# Activity:
What is needed is a word-for-word transcript of the listing, free of pictures.

# Supplied material:
************

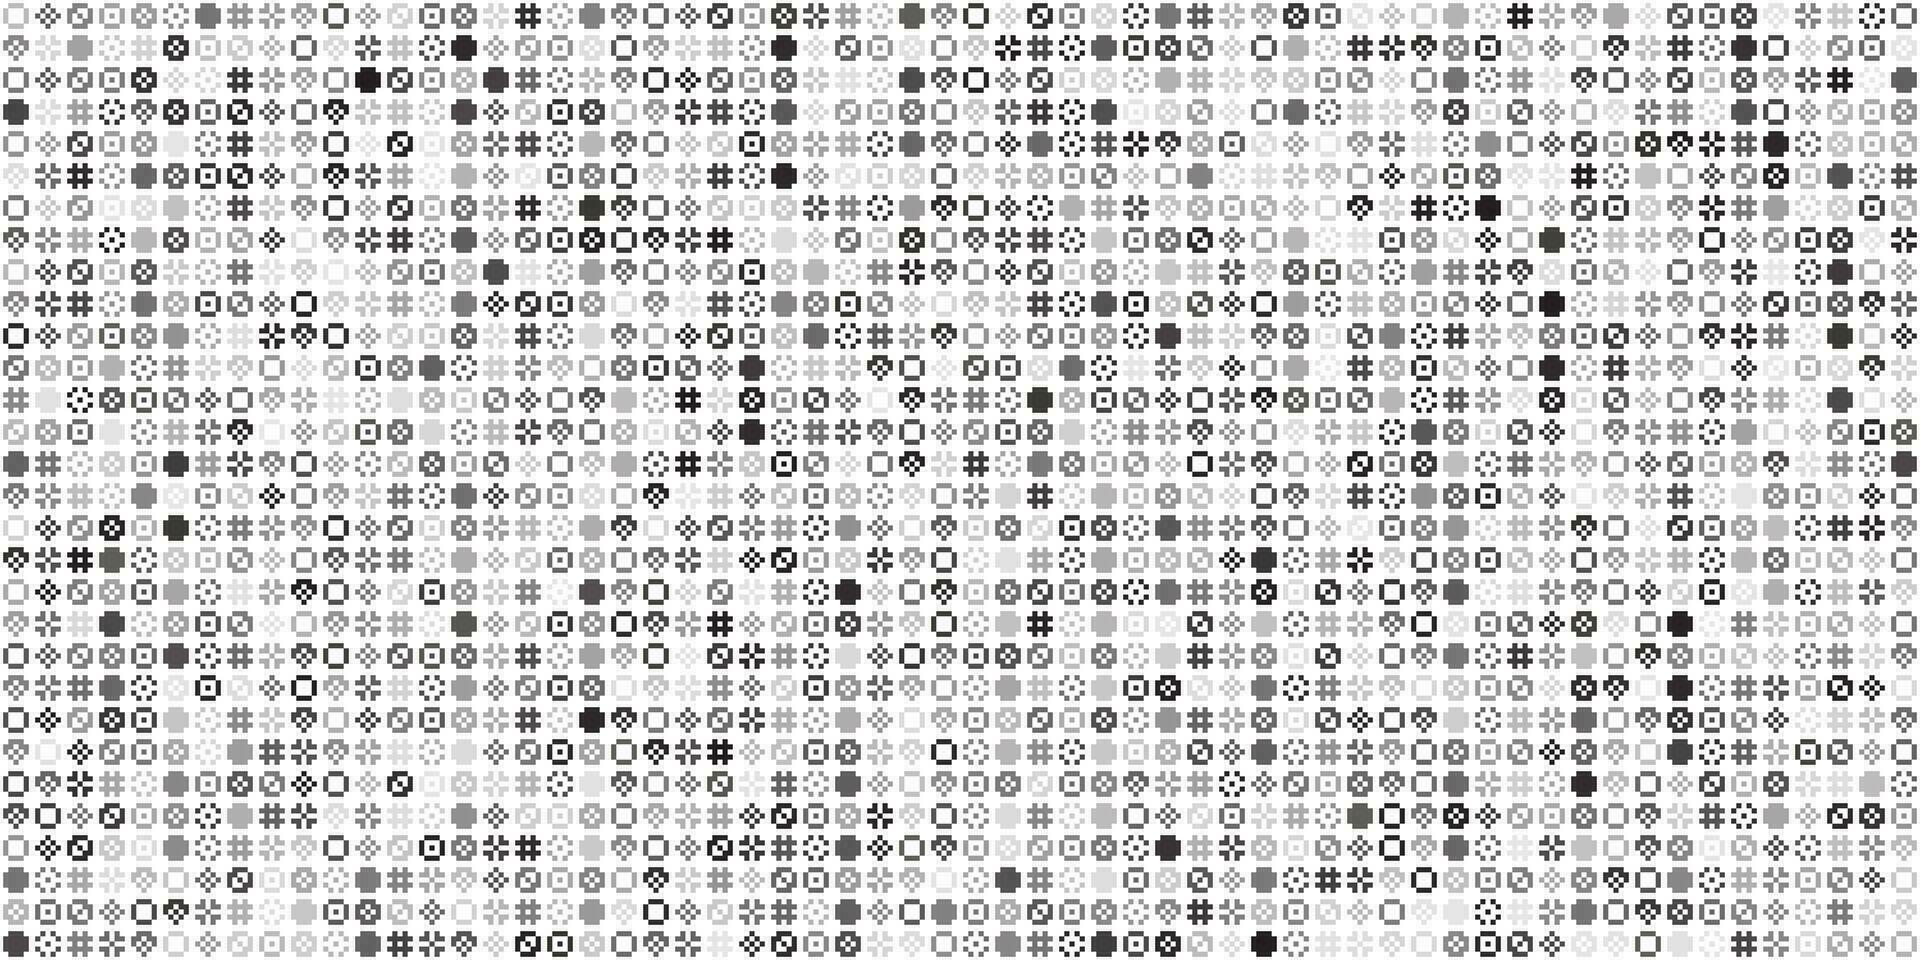 monocromático geométrico rede pixel arte fundo moderno Preto e branco abstrato mosaico textura vetor
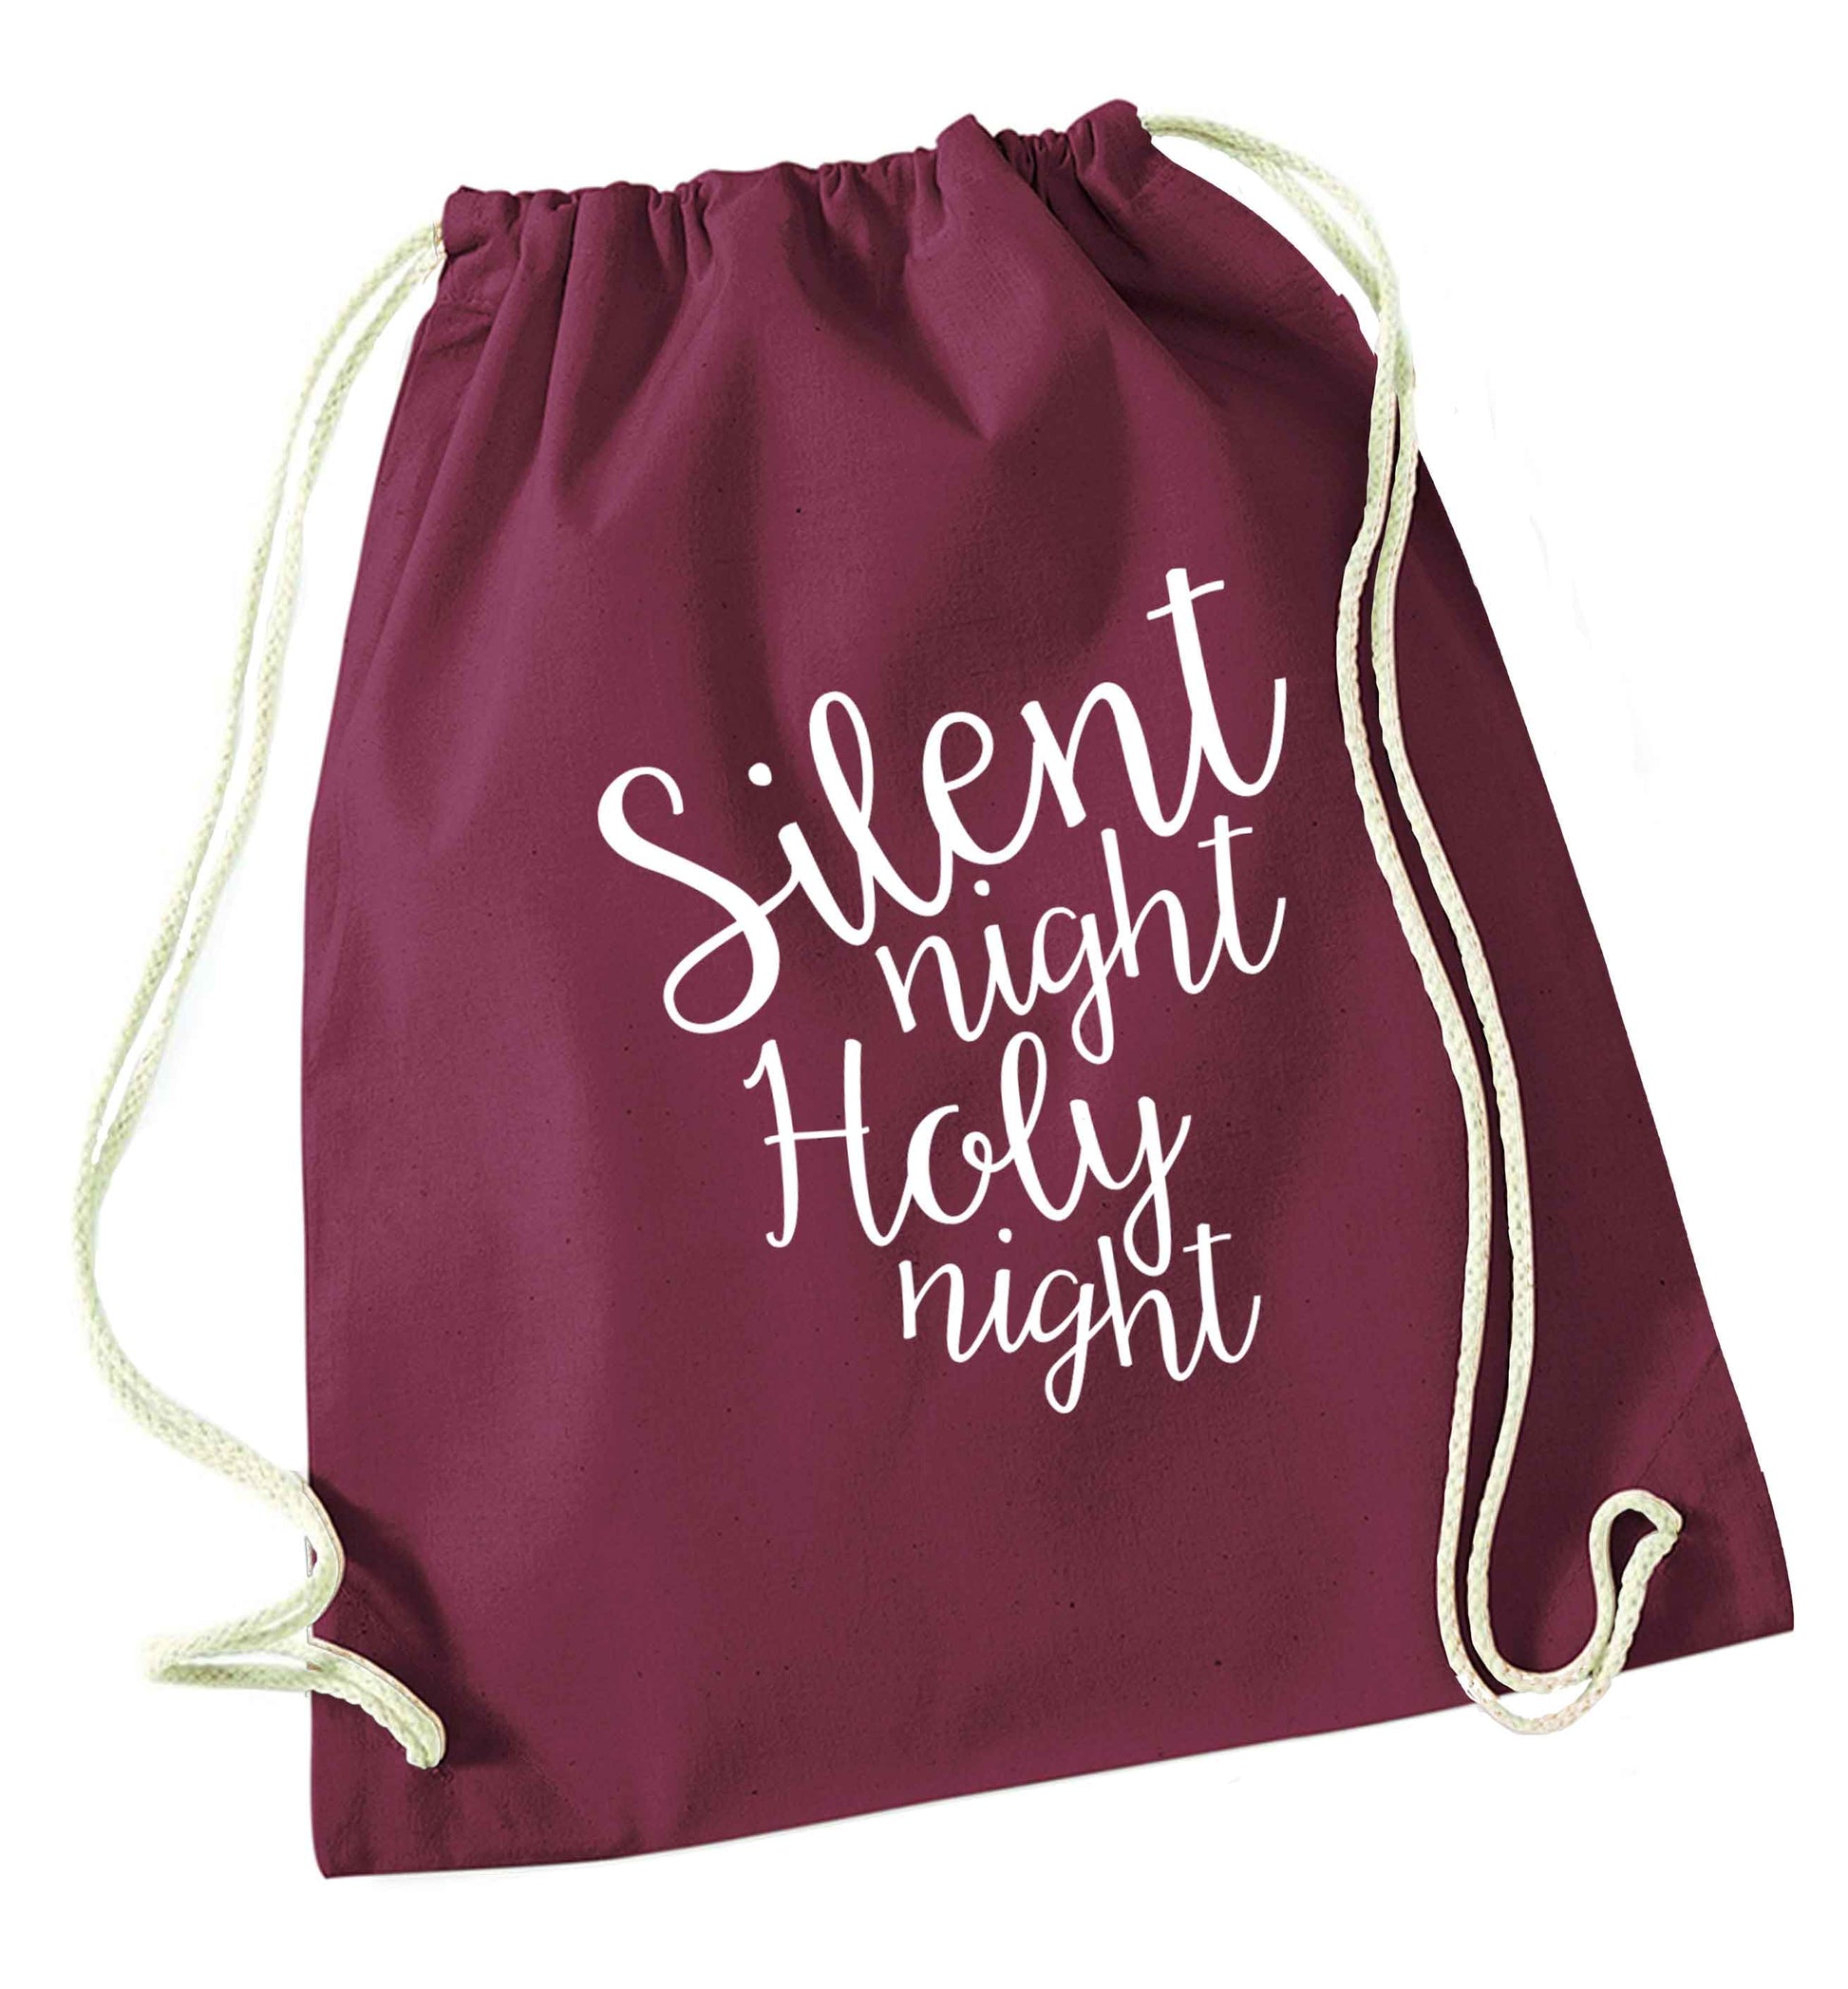 Silent night holy night maroon drawstring bag
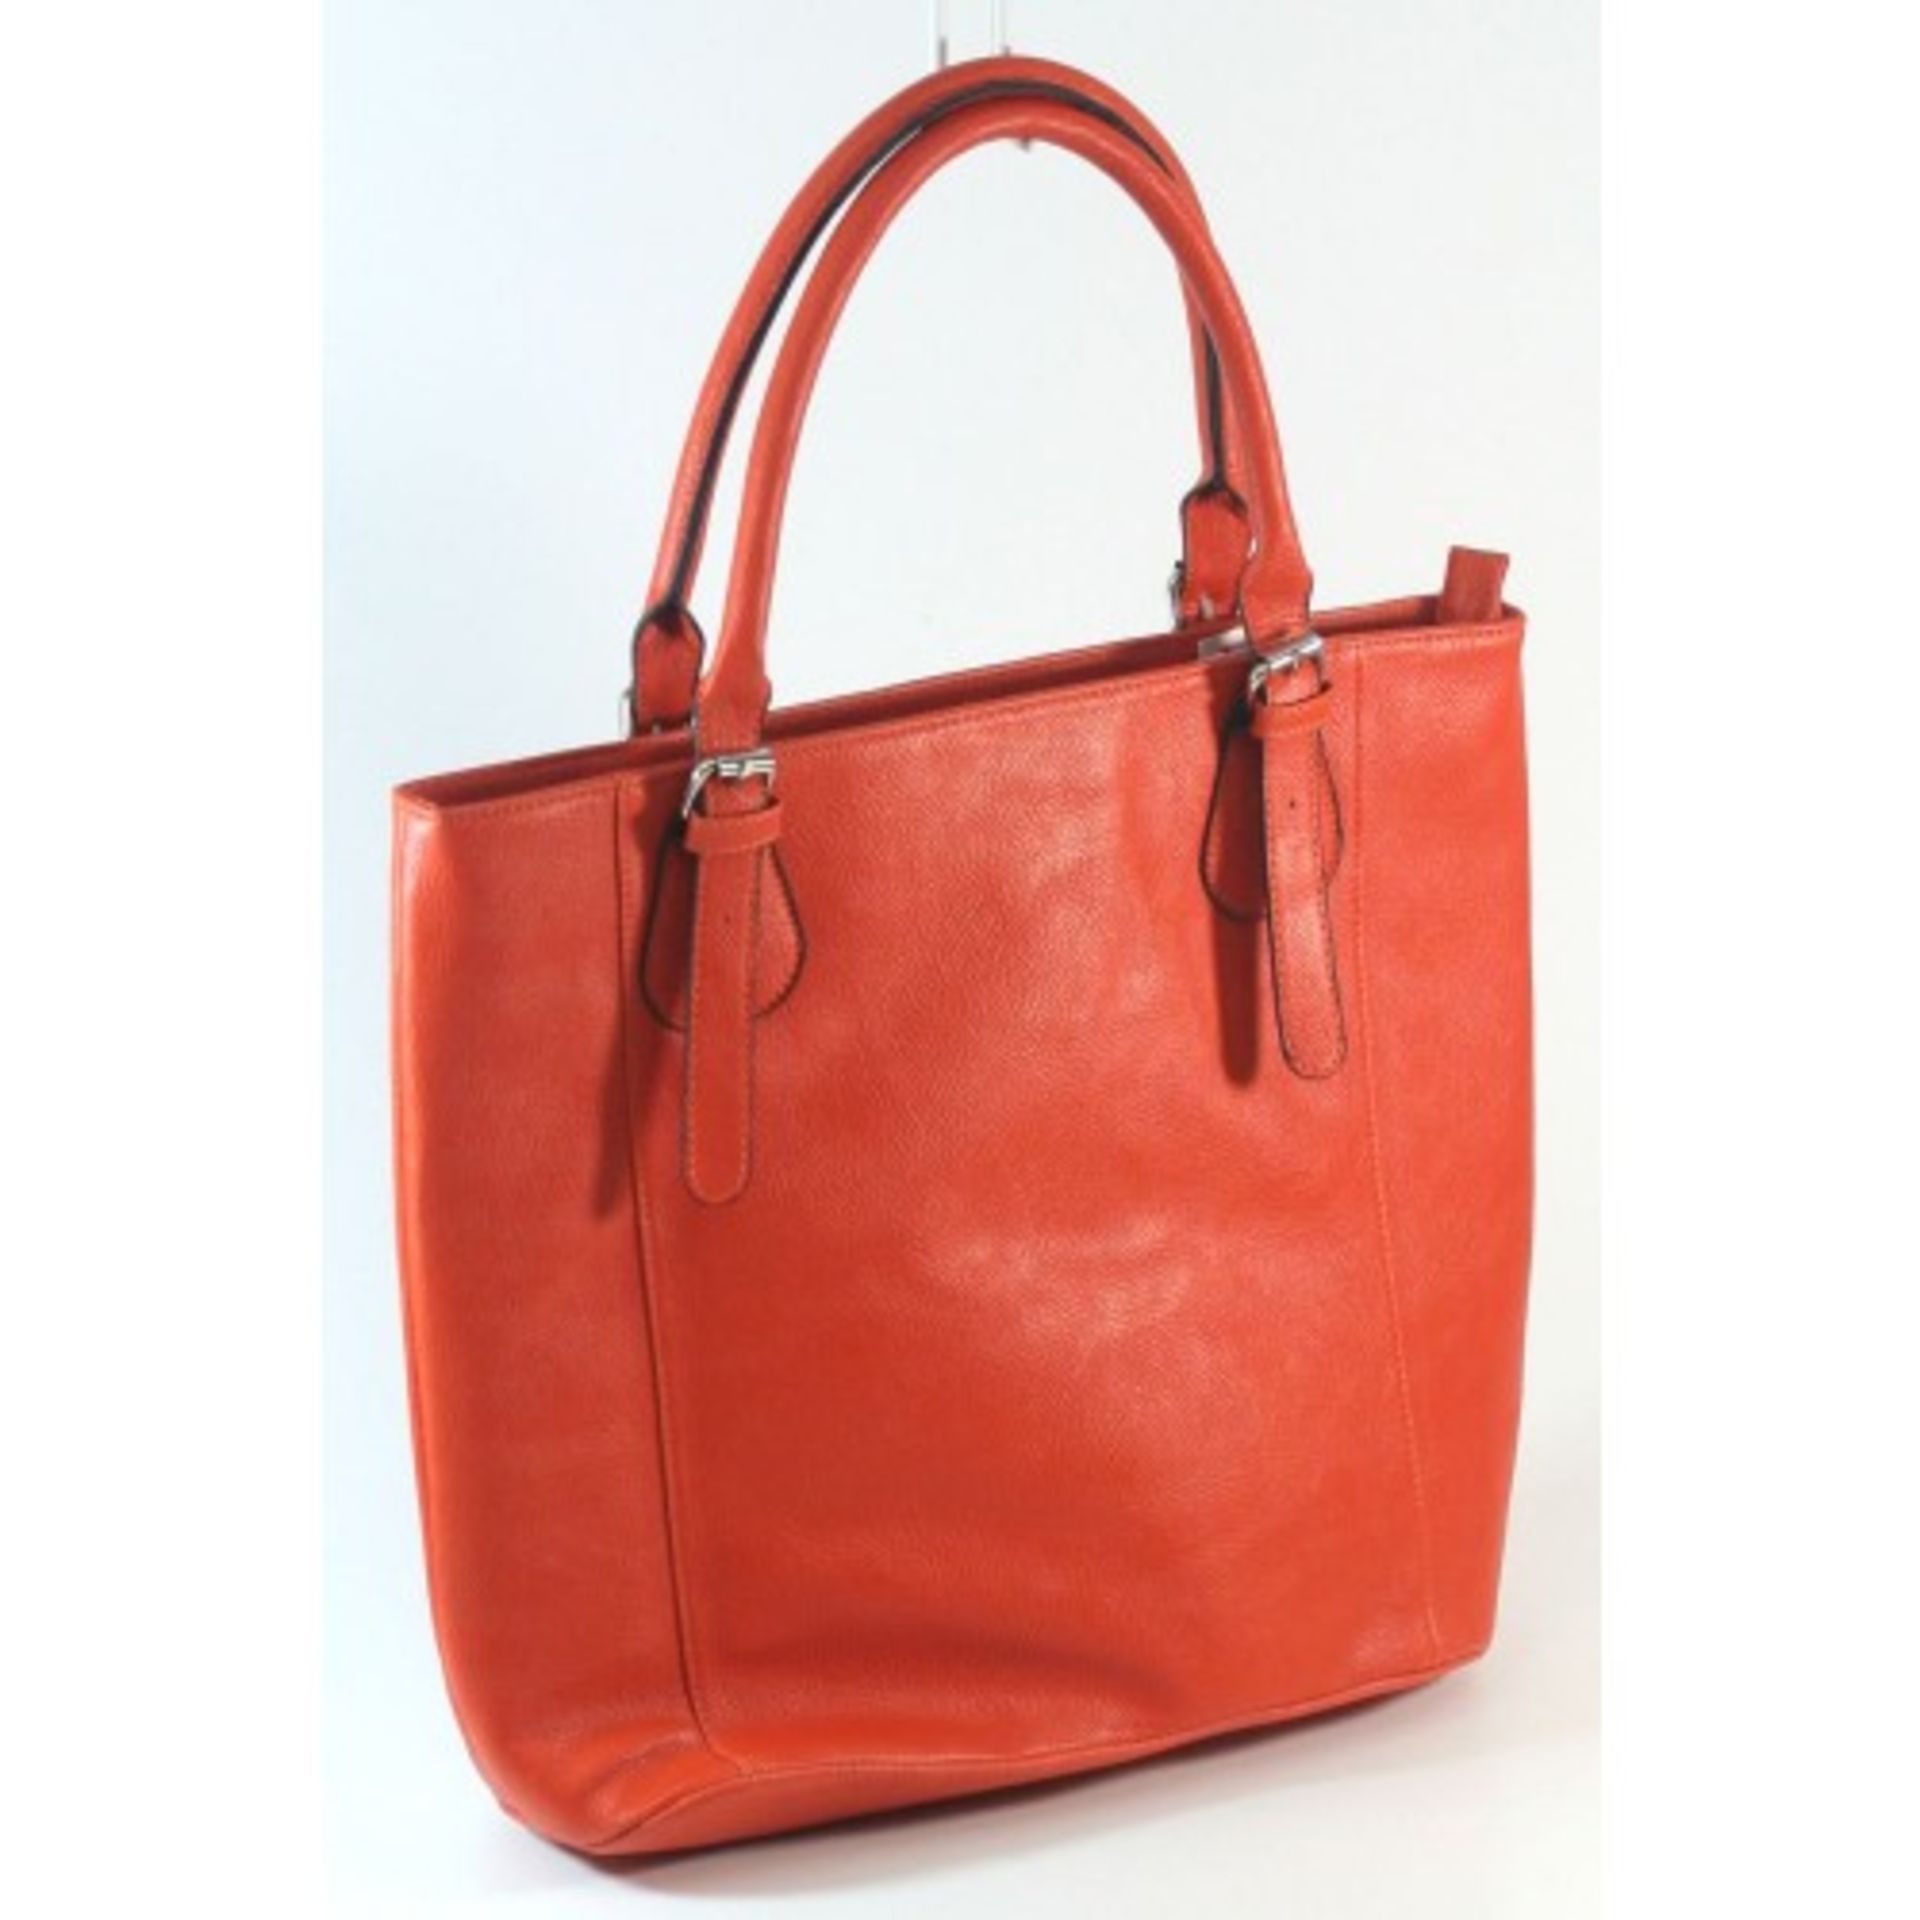 V Brand New Ladies Thomas Calvi Paige Orange Handbag X 2 YOUR BID PRICE TO BE MULTIPLIED BY TWO

************

# Worked solution:
 monocromático geométrico rede pixel arte fundo moderno Preto e branco abstrato mosaico textura vetor
 Silent night holy night maroon drawstring bag
 V Brand New Ladies Thomas Calvi Paige Orange Handbag X 2 YOUR BID PRICE TO BE MULTIPLIED BY TWO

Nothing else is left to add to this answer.